Three reviewers screened all titles and abstracts of potentially eligible studies from the search strategy using Rayyan online platform. We discussed and resolved citations where two reviewers excluded it and one reviewer included it. All other citations were included for full eligibility assessment. A team of six reviewers assessed eligibility of the resulting citations with each study. We plan to double-review the included studies.
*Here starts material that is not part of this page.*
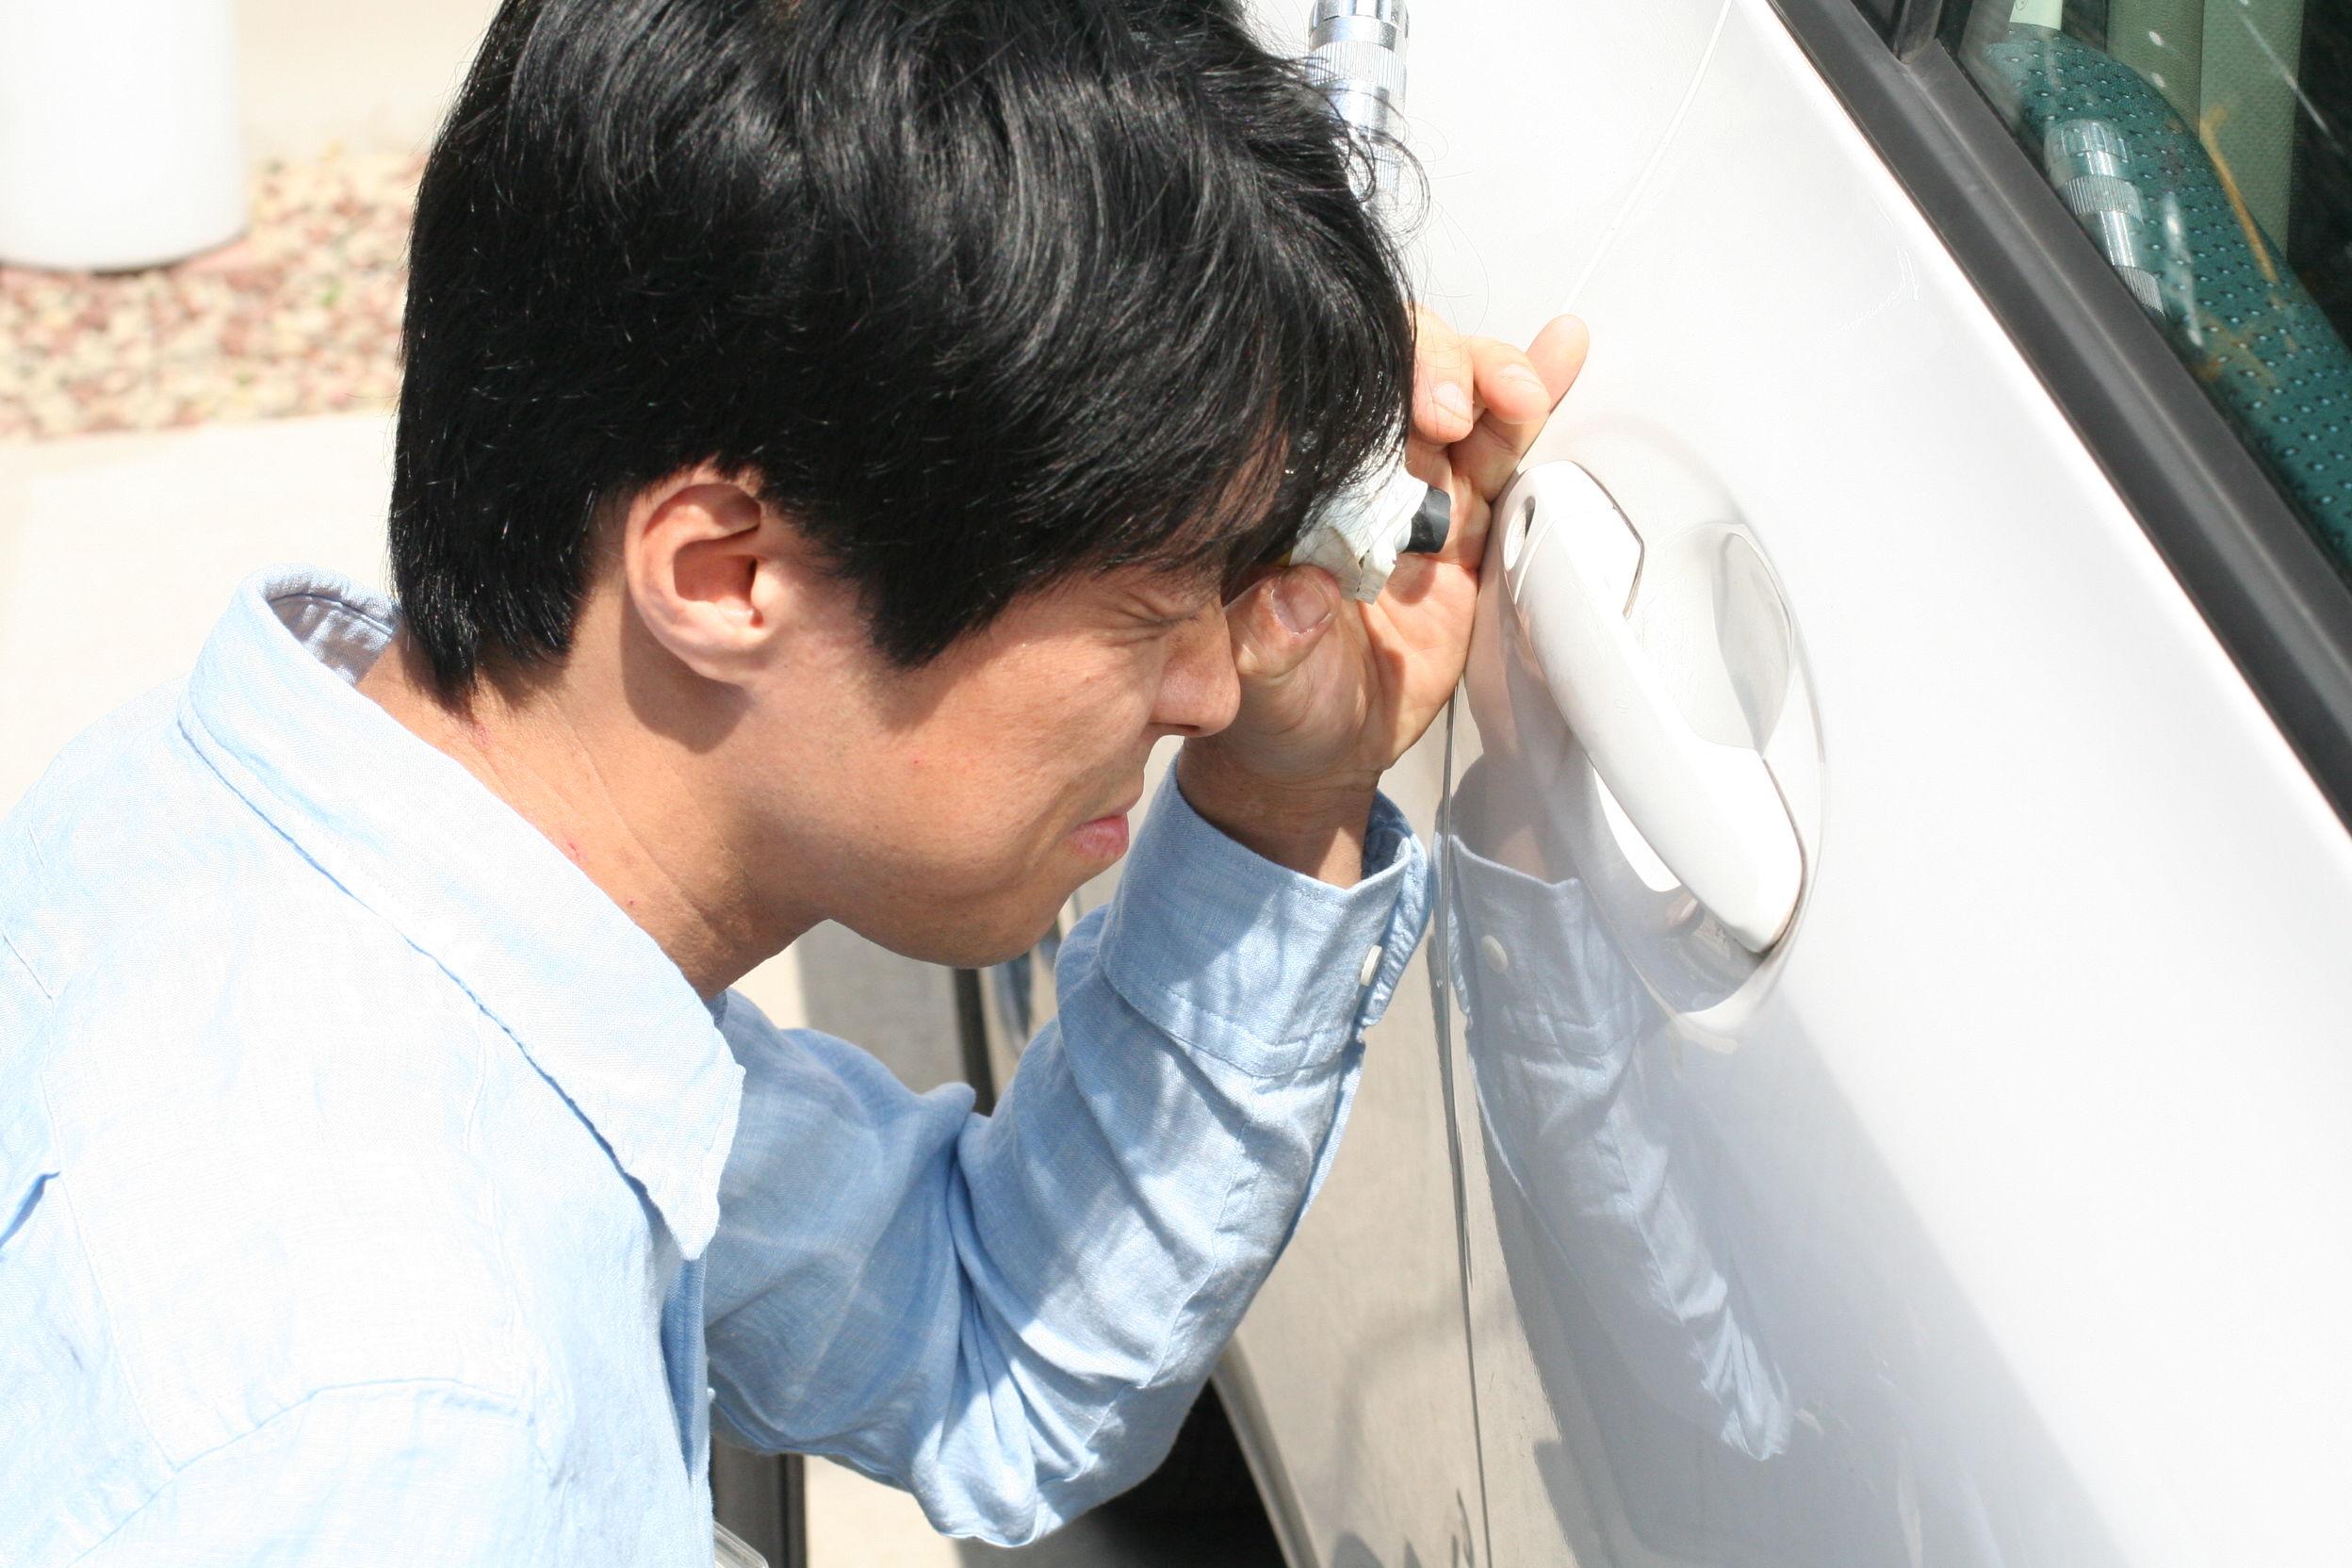 カギのトラブル救Q隊.24【香取市 出張エリア】のメイン画像

We use a pre-specified data collection tool for recording eligibility assessment outcomes.

Data items extracted from studies include: study primary objective, data source(s), study period, language of radiology reports, anatomical region, imaging modality, disease area, size of dataset, annotated set size, training set size, validation set size, test set size, external validation performed, domain expert used, number of annotators, inter-annotator agreement, natural language processing technique(s) used, best reported recall, best reported precision, best reported F1 score, availability of dataset, and availability of code. Data extraction is performed by two reviewers independently. Recording of data extraction is done through a shared data collection tool. Any disagreement will be resolved by discussion during 2-weekly review team meeting.

Risk of bias (quality) assessment


There is currently no risk of bias tools applicable to the anticipated heterogeneous types of studies in this review. However, we adopted aspects of the ROBINS-E tool to assess epidemiological aspects of the studies, where appropriate. Risk of bias measures relating to technical aspects were developed by the review team who has considerable knowledge on text analytic methods.

Strategy for data synthesis


Our objective is to provide descriptive data. We do not plan to summarise data using meta-analysis because of the anticipated heterogeneous study design, objectives, natural language processing techniques, and reported outcomes.

Analysis of subgroups or subsets


We will report descriptive statistics stratified by disease areas, NLP techniques, and year of publication. No meta-analysis will be performed.